TRY IT | Copy exactly. Include the line containing "I'm a driven", every line after it, and the last line below, but no pictures.

COLLECTED MATERIAL |
☆ ☆ ☆ ☆ ☆ ☆ ☆

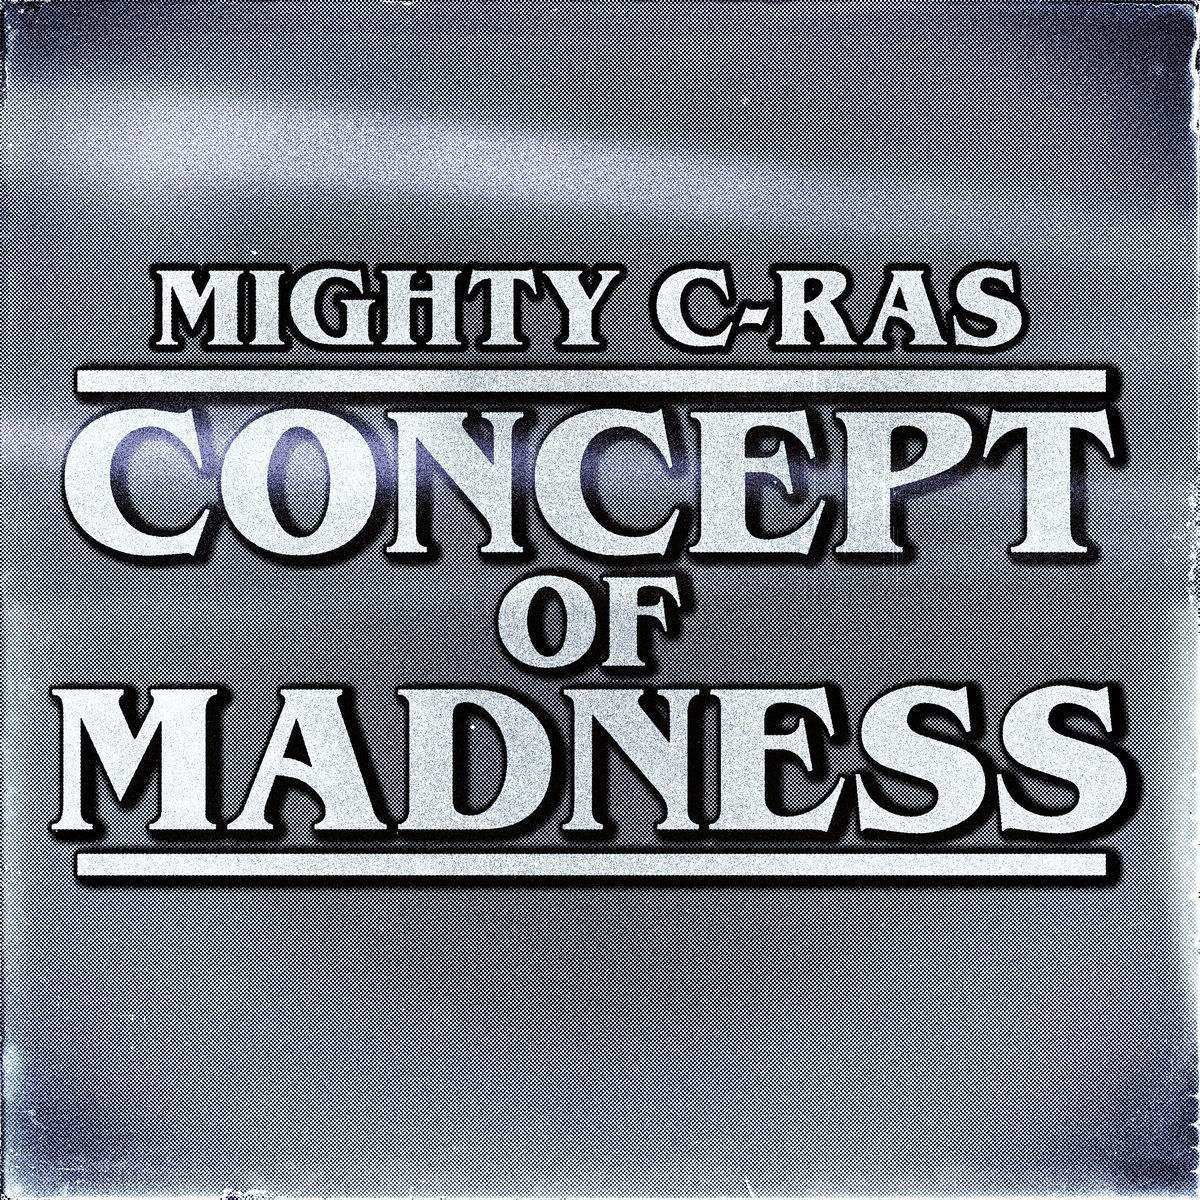 Pre-Order: Mighty C-Ras - Concept of Madness
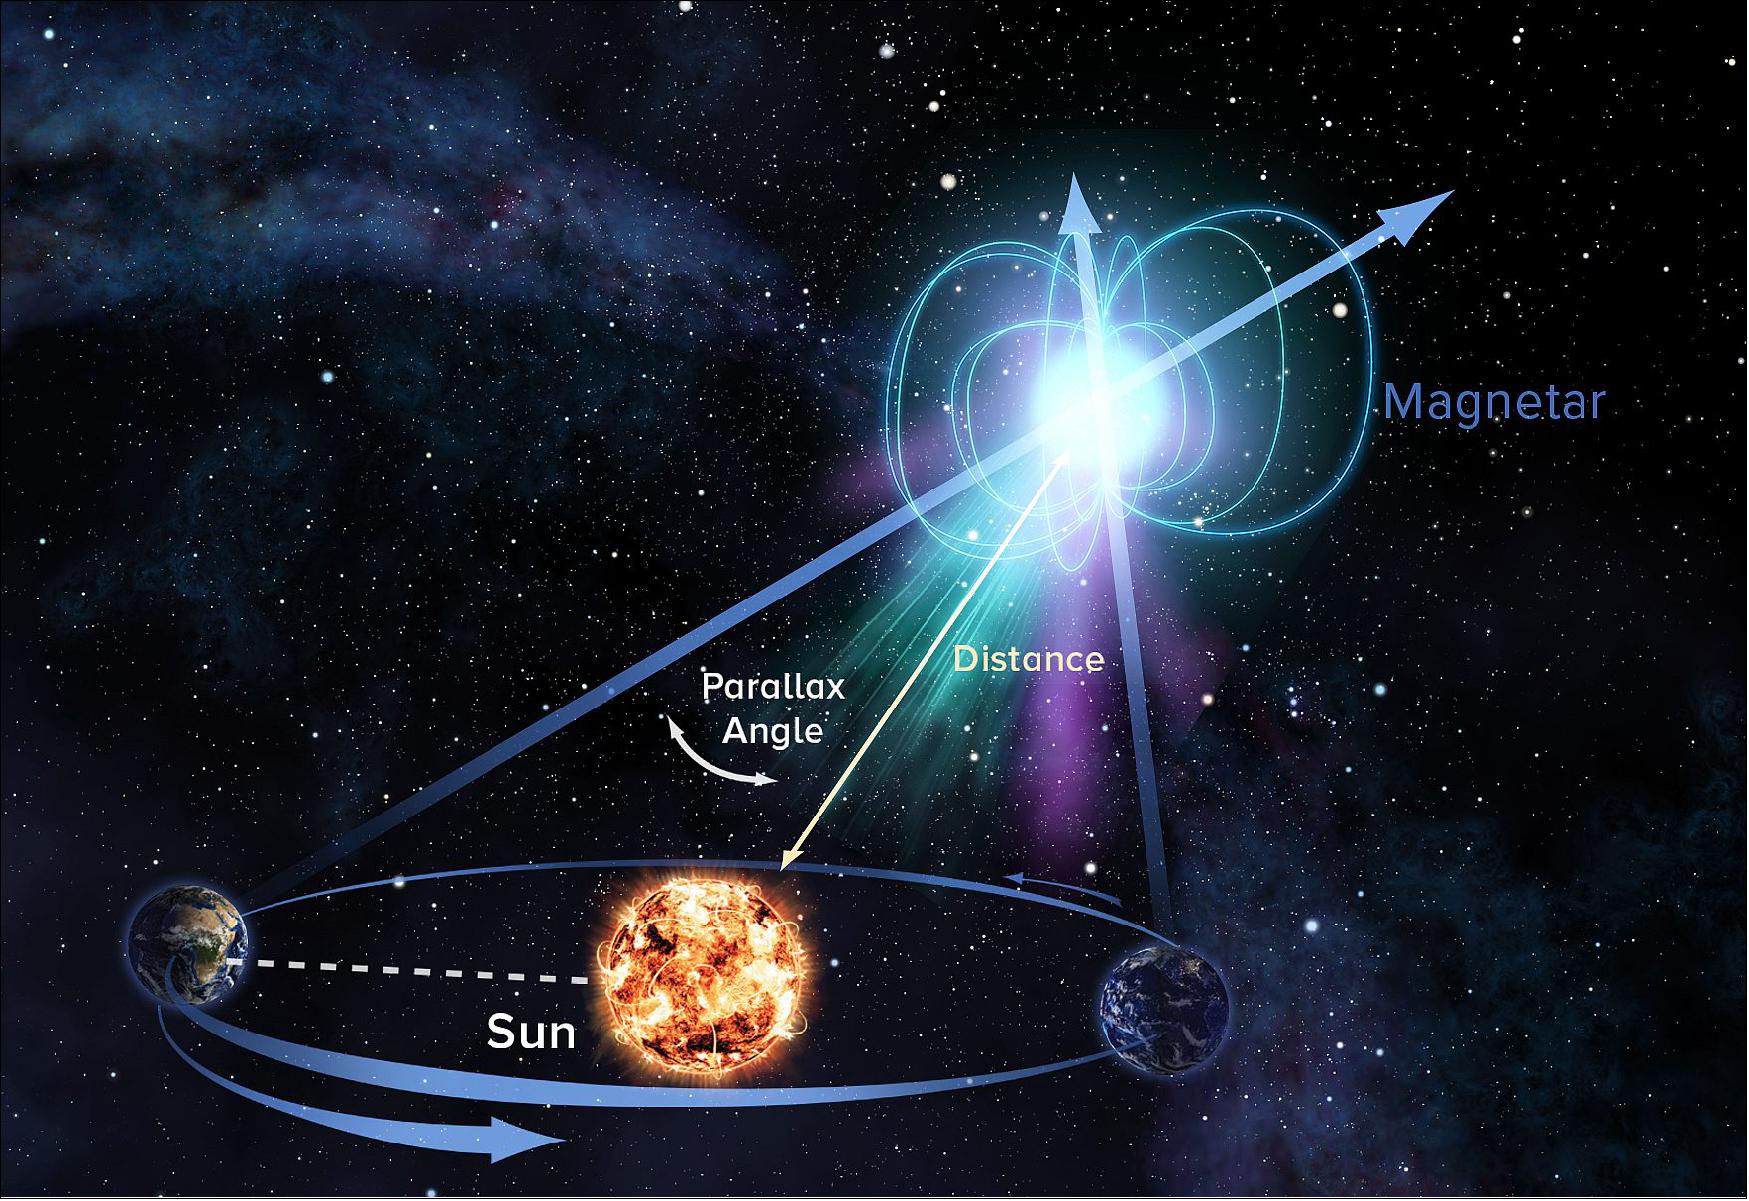 Figure 45: By observing an object from opposite sides of the Earth's orbit around the Sun, as illustrated in this artist's conception, astronomers were able to detect the slight shift in the object's apparent position with respect to much more distant background objects. This effect, called parallax, allows scientists then to use geometry to directly calculate the distance to the object — in this case a magnetar within our own Milky Way galaxy. The illustration is not to scale (image credit: Sophia Dagnello, NRAO/AUI/NSF)
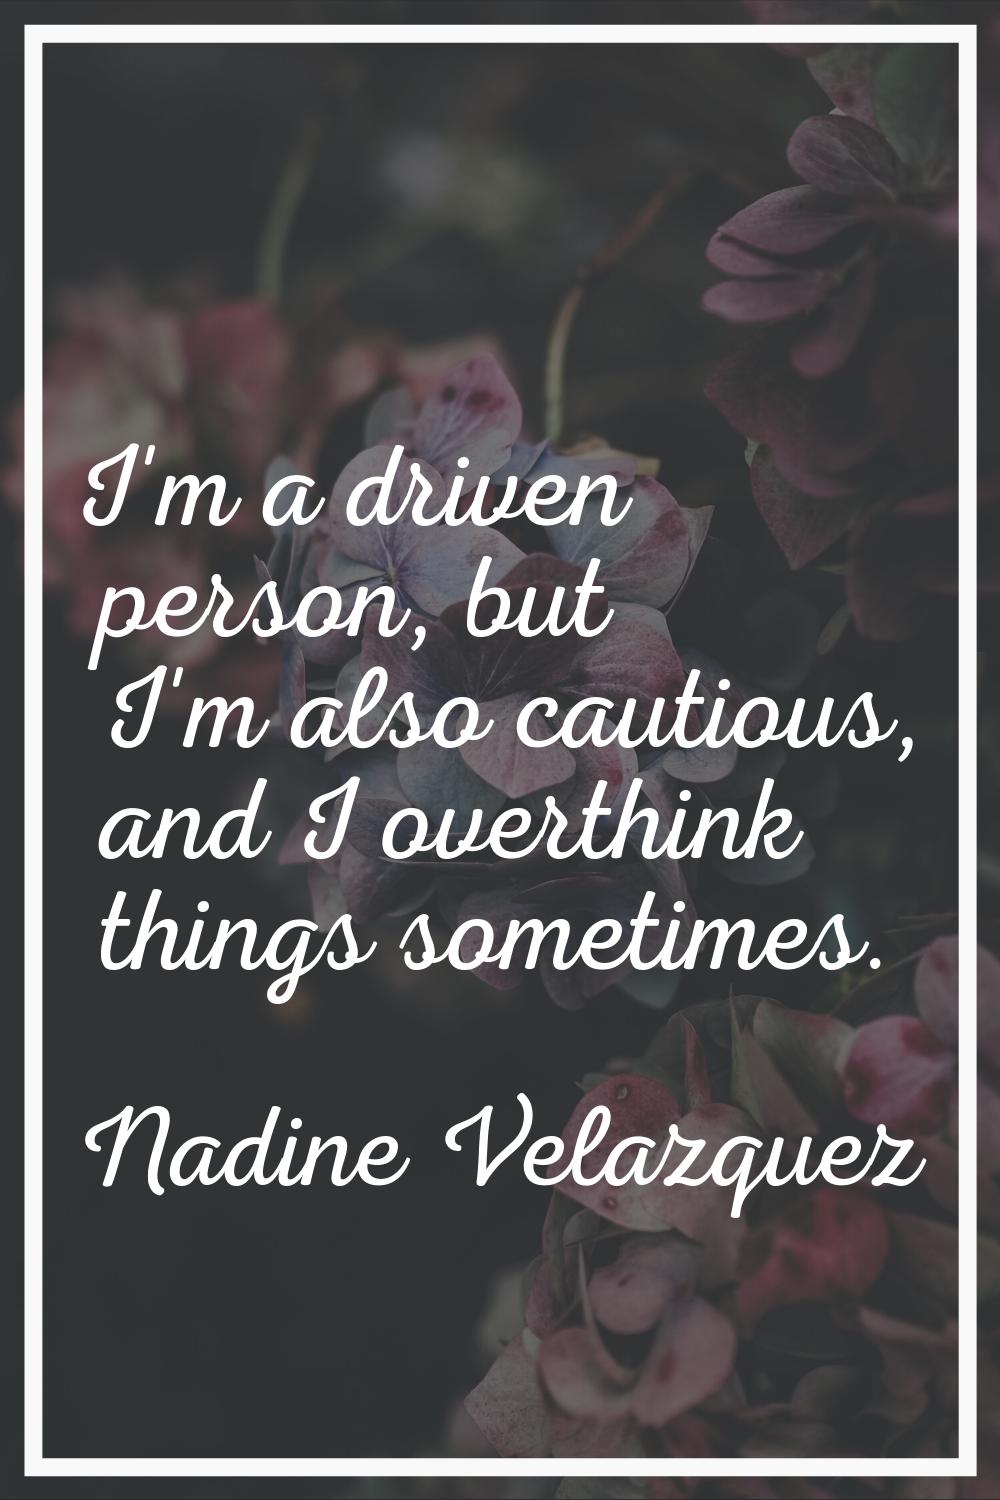 I'm a driven person, but I'm also cautious, and I overthink things sometimes.
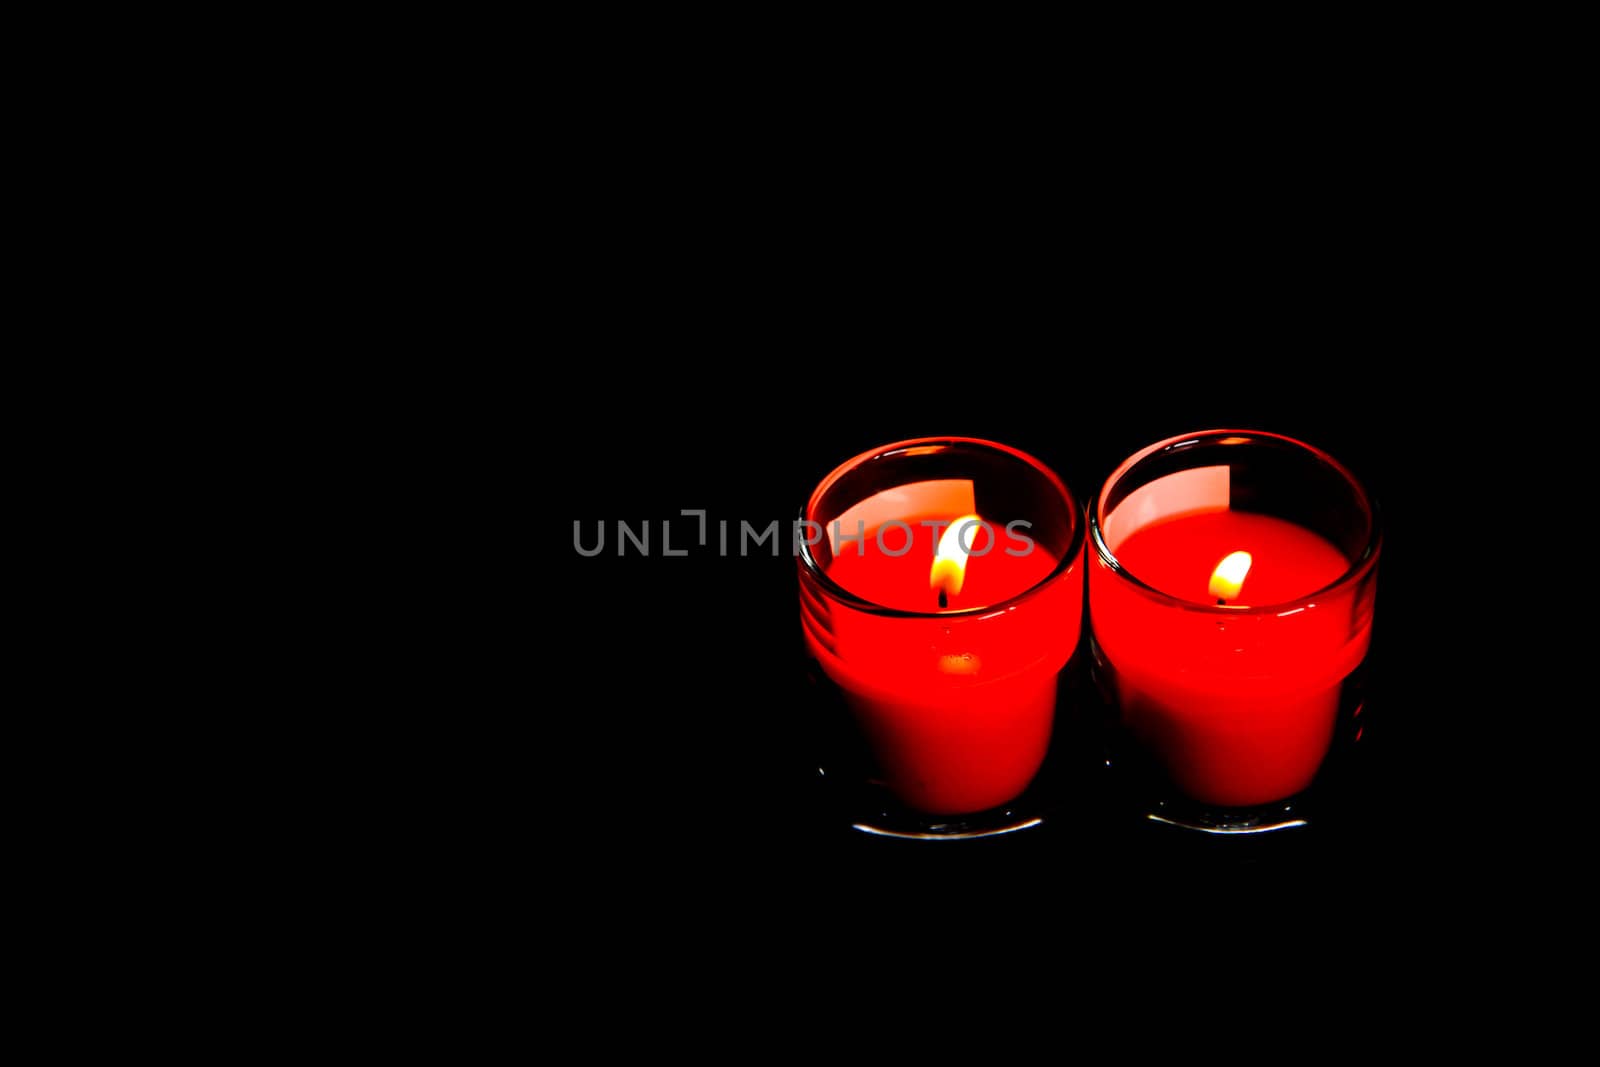 Candle by Photoguide

☆ ☆ ☆ ☆ ☆ ☆ ☆

WRITTEN SOLUTION |
 I'm a driven person, but I'm also cautious, and I overthink things sometimes.
 Candle by Photoguide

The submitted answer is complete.